MACs are no different than other computers. They are not self-calibrating nor do they come pre-calibrated from Apple. They have one advantage: less choice. In this case less choice is good because the displays available from Apple range from mediocre to pretty good. In the wild world of non-proprietary computers the displays range from unusably awful to excellent. (You can put an excellent non-Apple display on a MAC by the way).
There are two processes that you can apply to your display: calibration and profiling. It's important to understand what each does and the limitations of each. Calibration will alter the physical operation of your display. Profiling examines your display's fixed, physical (hopefully calibrated) characteristics and compares that to know standards. This info can be used by software (Photoshop) to help control the presentation of images while you edit.

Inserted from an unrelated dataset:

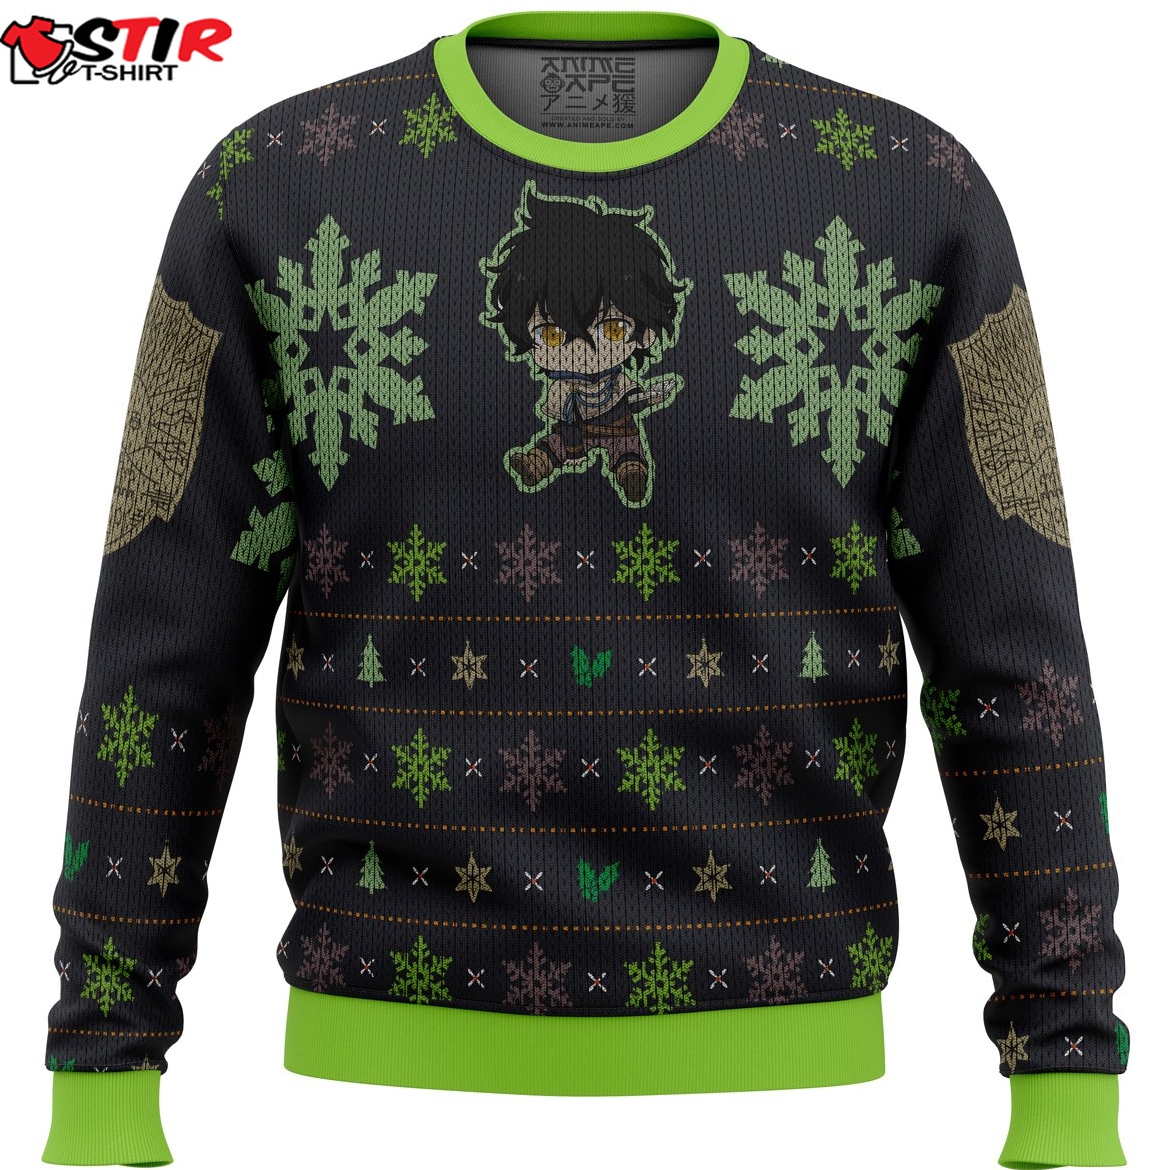 Yuno Black Clover Ugly Christmas Sweater Stirtshirt

First an analogy: A sharp knife in the kitchen really makes a difference. You can get your knife professionally sharpened. If your knife is made from the finest Toledo steel it will sharpen to an excellent edge and stay sharp a long time. If your knife came in a set for 19.95 that you brought late-night off the shopping channel and "but wait...you also get" -- well good luck with that.

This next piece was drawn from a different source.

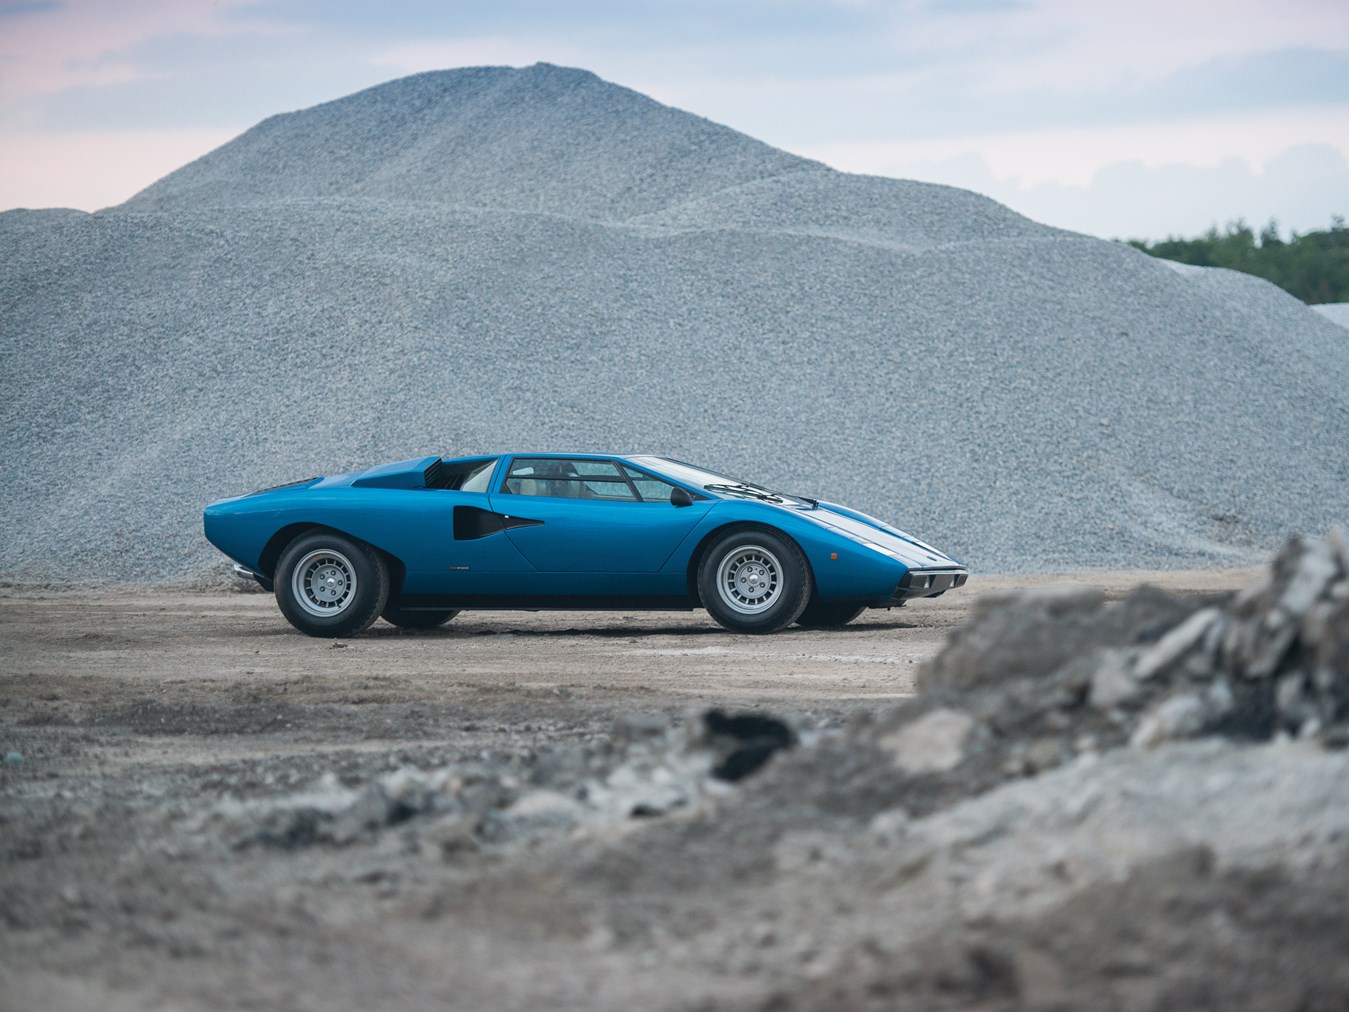 Lamborghini Countach, Classic car, Blue cars Wallpaper

So, calibrating the cinema display on your MAC Pro gives you a fine-tuned professionally capable work tool. Calibrating the display on your Acer netbook leaves you with the same worthless cr*p you started with. Calibrating a display is ultimately limited by the physical properties of that specific display. Laptop displays for example (MAC included) aren't physically capable of rendering all of the colors in the common color spaces we work with (sRGB & Adobe RGB). Calibrating them doesn't change that. It can still be helpful. I calibrated the display on my Toshiba laptop and it certainly makes photos look better (way too blue before). I still have enough sense not to use it for editing.
Profiling can be real helpful, but it also drives lots of folks nuts. The profile for a display characterizes that display's physical shortcomings and provides that info to Photoshop. Photoshop uses that info and will moderate how it renders a photo to try and compensate for the display. For example; after calibration a specific display still has trouble correctly rendering high value greens. Calibration doesn't fix this shortcoming. This is then discovered when the display is profiled. With this info Photoshop attempts a correction. However if your web browser (IE) is completely profile stupid, you can then load the same photo in Photoshop and in your web browser and see two different photos on your screen simultaneously -- fun fun.
You need a hardware device to calibrate and profile a display. Here's one of the better products:
X-Rite i1Display 2 Professional Monitor Calibration i1 solutions
Just like displays these come in a range of quality/performance.